Fire Table – Concrete Insert

Fire Table – Concrete Insert

Almost every project I’ve completed in the past typically revolves around wood (with some exceptions). Wood is easily available, easy to cut, and easy to assemble. Unfortunately, it is also flammable. So when I made my fire table design, I added a concrete insert to act as a buffer between the flame and the wood. It is easy enough to included in a design, but now I had to try and build it. Welcome to the first episode of “Concrete Insert Building”!

A widely used method of making a shape out of concrete is to use a mold for the shape. This is exactly what I did as well. To start, I had to take the dimensions of my concrete insert.

SketchUp makes pulling dimensions easier.

Easy enough. Next up was to build a mold that would create that shape. For the mold, I used a melamine board. Melamine boards are strong, easily available, and smooth enough that the concrete shouldn’t stick to it. The initial mold design had a big rectangle in the middle of a board to create the empty space in the concrete insert. I’d say calling it an “initial” design was foreshadowing, but the main post picture already did that.

To match the 2×6 wood in the table, the insert had to be 1½” thick. Since the melamine is ¾” thick, stacking two pieces on top of each other was the perfect thickness. The outer edges of the mold were melamine strips ripped down to 1½” thick to match the inner mold piece. A few cuts on a miter saw and some rips on a table saw later, the mold was complete.

I pre-drilled everything to prevent cracking.

To finalize prep for pouring the concrete into the mold, I had to seal the joints of the mold. I did this using a silicone caulk. If I had to do this again, I would use a dark colored silicone instead of the clear that I used originally. This is just so that it would be easier to see and make sure the seams were clean and smooth. I also wrapped the inner blocks with packing tape to create a smooth surface instead of the rough particle board.

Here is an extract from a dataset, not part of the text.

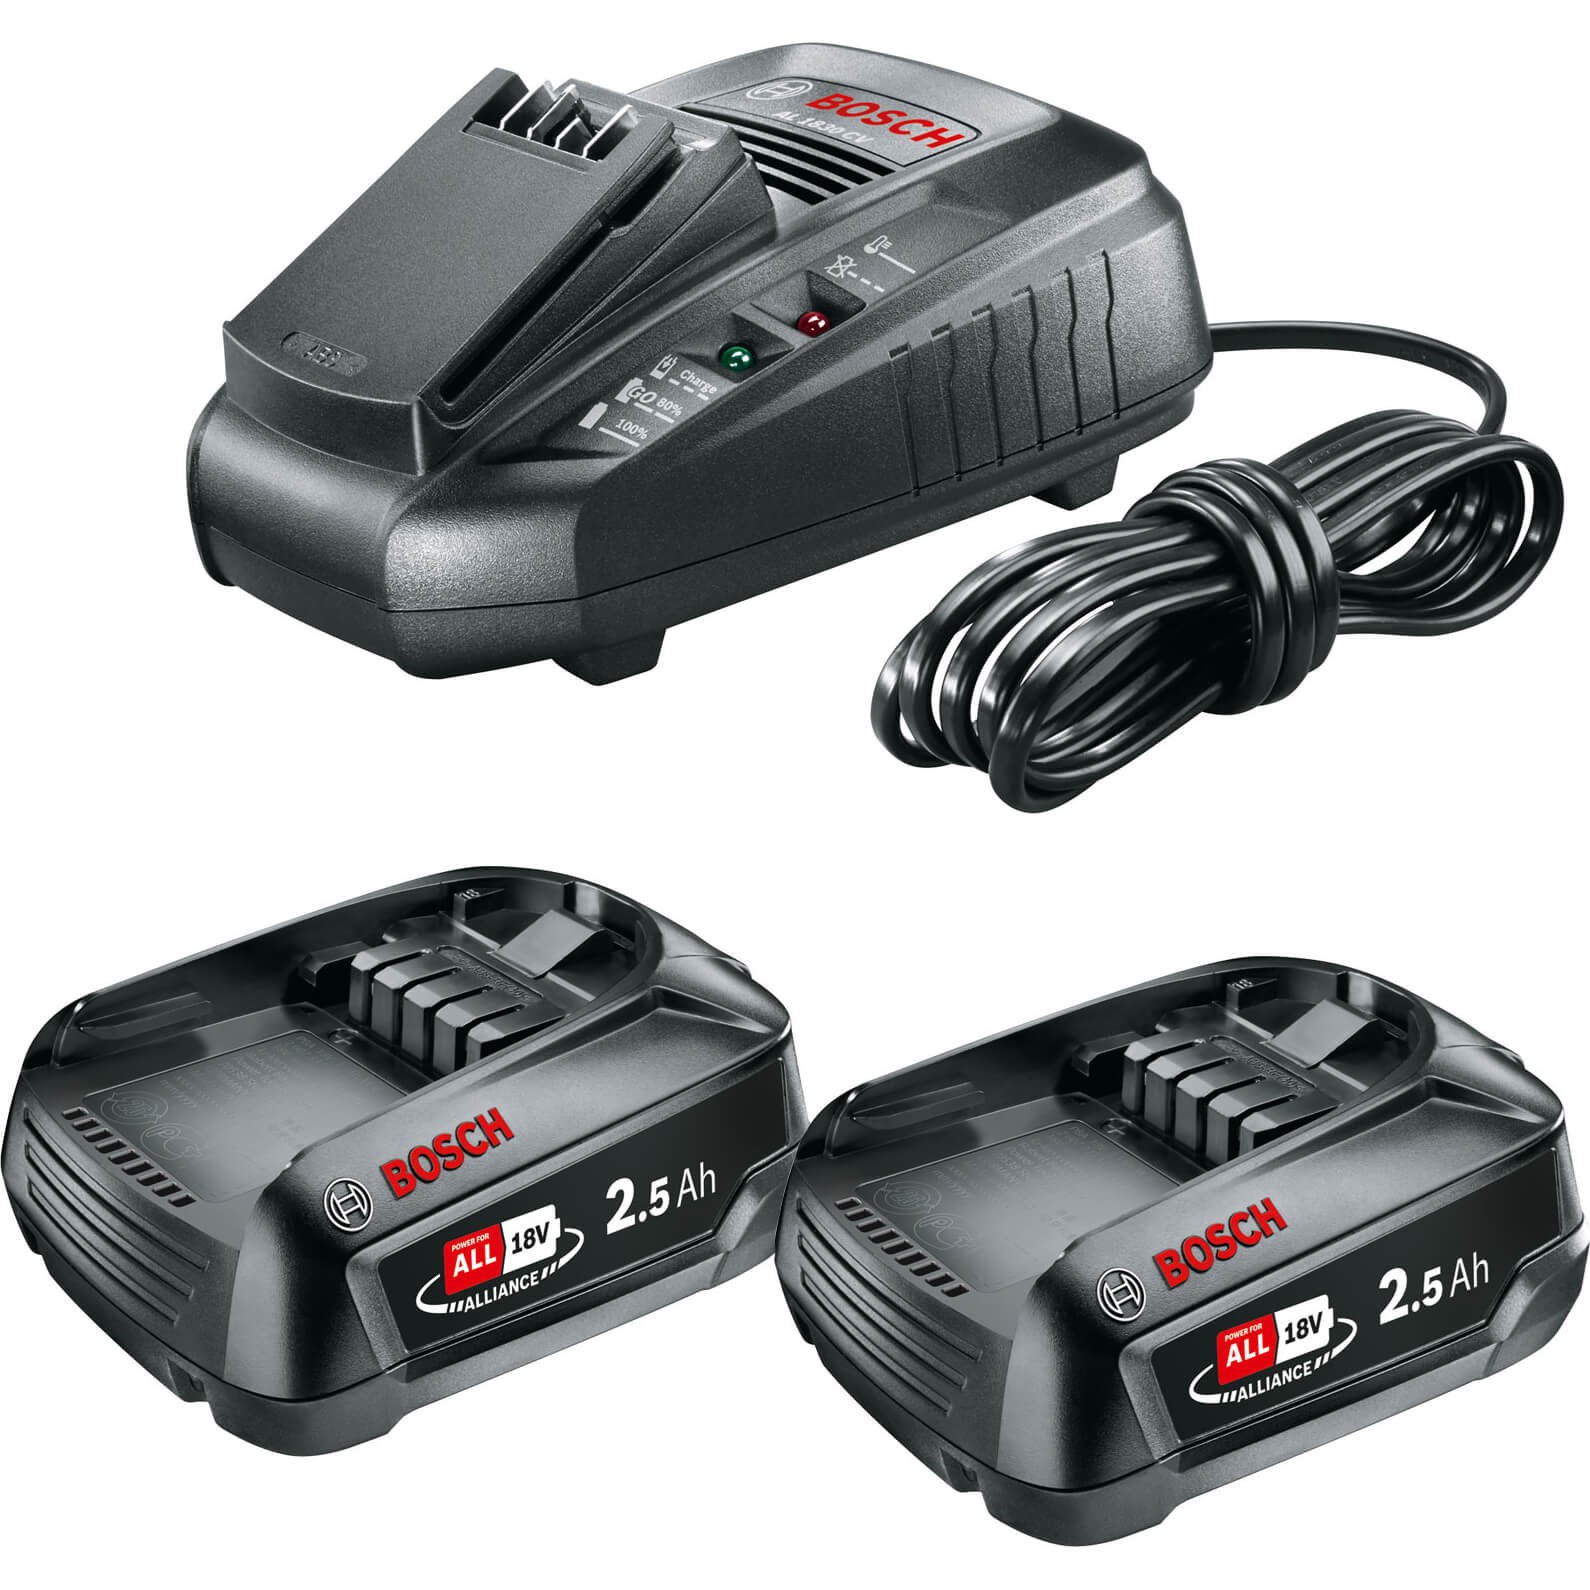 Bosch GREEN 18v Cordless Twin Battery 2.5ah and 3A Fast Charger | Battery Chargers

Seams caulked, inner block taped, ready for some concrete.

I used Rapid Set Cement All as the concrete. This “construction material” as they call it has very fine sand in it that means it will be very smooth when set. I added in a packet of Flow Control to help make the concrete more liquidy. This helps it to flow and settle everywhere within the mold. In addition, I added a packet of Set Control to give me a little more time to pour the concrete before it set. For this small of an insert, I only needed one 55-lb bag of concrete. 

I added slightly less than the maximum 5-quarts of water recommended for the mix. Then I added the concrete mix and the flow and set control packets, mixed it all up with a paddle mixer on my drill, and poured directly in the mold. I sprayed a light coating of WD-40 in the mold before pouring to help keep the concrete from getting stuck.

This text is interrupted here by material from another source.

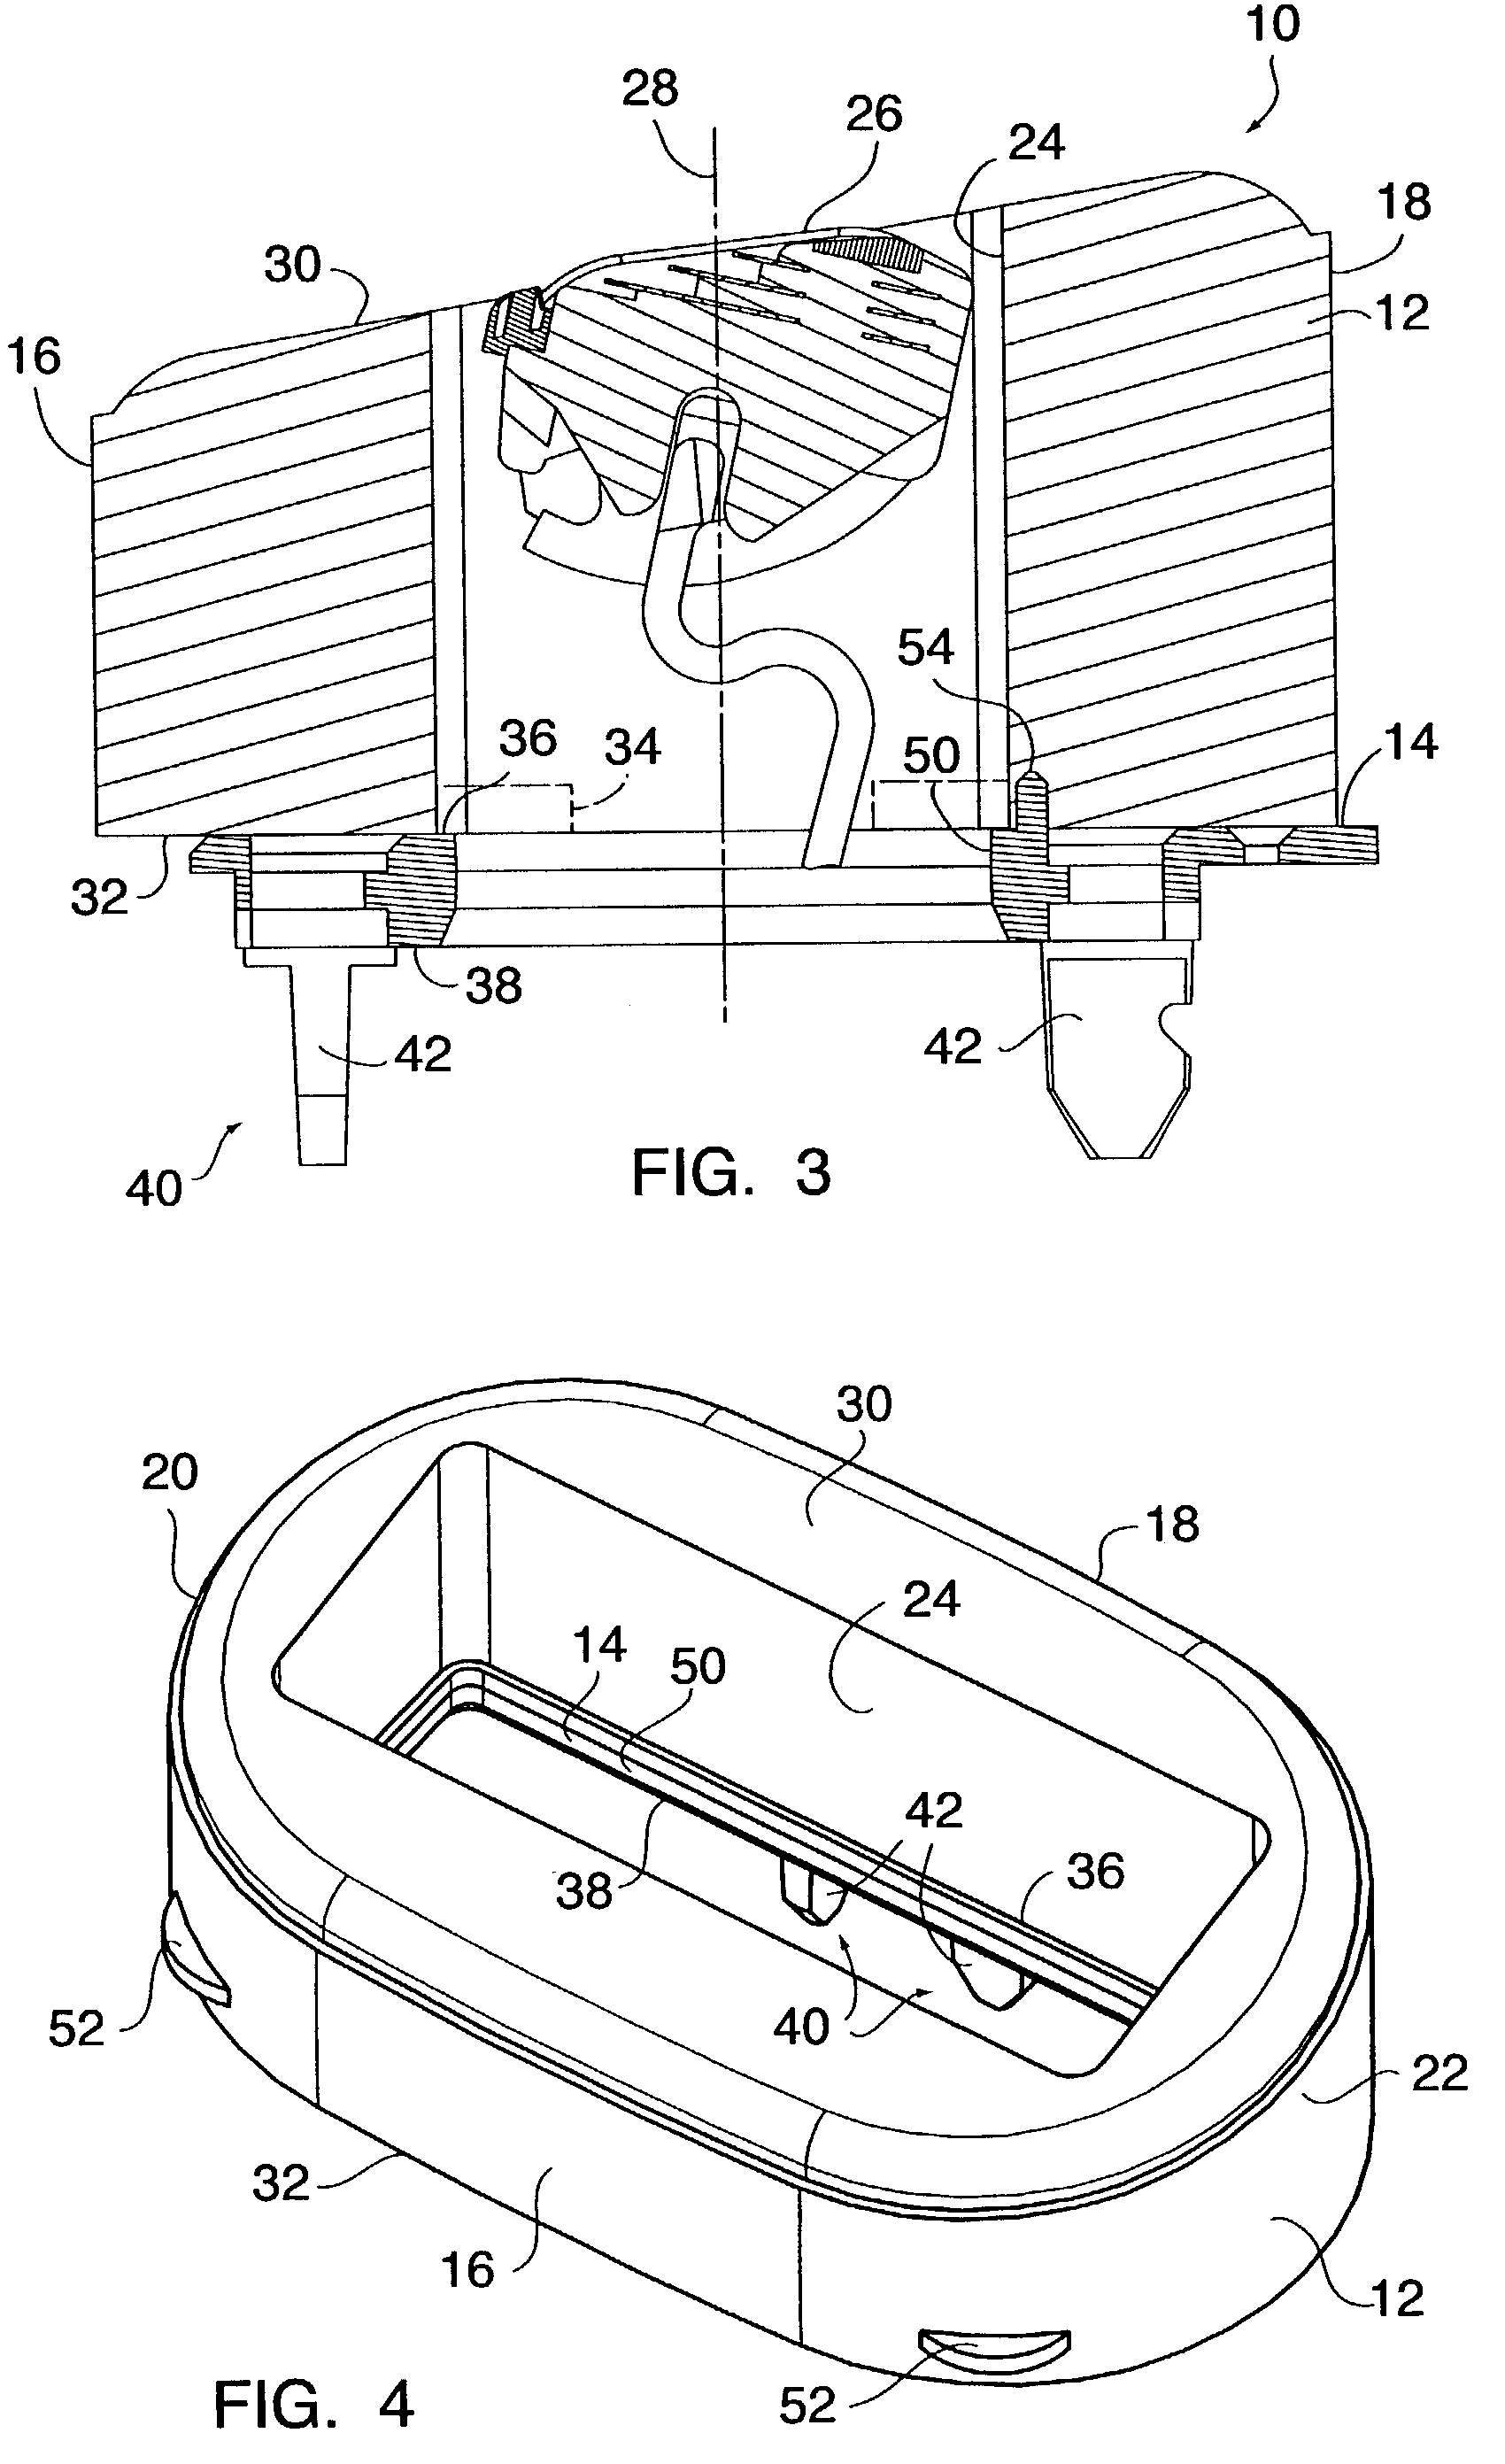 Replacement cartridge for a razor assembly

As the concrete went into the mold I tapped the sides of the mold with a hammer to agitate the mix and hopefully fill any air gaps and bubbles. For the top (the eventual bottom of the insert), I used a metal trowel to smooth out the concrete and remove any excess from my pour. 

I was a little worried about the cordless drill, but it had plenty of power for this.
Pouring the concrete. Note the metal fence piece I added after the pour for strength.
Troweling. Unfortunately, yes, my typical concentration face does include a wide open mouth.
I practiced my smooth troweling skills and was pretty pleased.

Time to let everything set. This concrete needs to be water cured. This means that as the concrete is curing right after pouring, it has to be kept wet. Which means that I hung out with my concrete insert for a couple of hours, constantly spraying it with a water bottle as it cured.

As the concrete dried, like the light gray parts above, I sprayed it down with water.

Time for the moment of truth! Once the concrete cured and stopped giving off heat, it was time to take the piece out of the mold. I flipped the mold over and the concrete slipped right out.

Few taps and it dropped right out…or not.

Just kidding, the concrete did not drop right out of the mold. So I took the sides off of the mold and then it came right out…

Surely this will work with the sides off…

Nope! What about after tapping it with a hammer and prying it out with pieces of wood?

I was still being fairly gentle at this point.

Also no. At about this point I was way too frustrated and stopped taking pictures. Full disclosure, I forgot the most important rule. Building things and learning skills is supposed to be fun. Definitely an area that I can continue to improve in. 

So the concrete didn’t come out of the mold cleanly. I did a lot of prying of the bottom of the mold, trying to get the concrete to drop out. Eventually, the mold broke, allowing me to pull everything off of the concrete in pieces. Great! However, the concrete cracked in a couple places during this process. There were also a ton of bubbles in what was supposed to be the top of the table. A pretty large fail. 

This was one of a couple cracks in this piece of concrete. So it became a testing piece for the fire pit.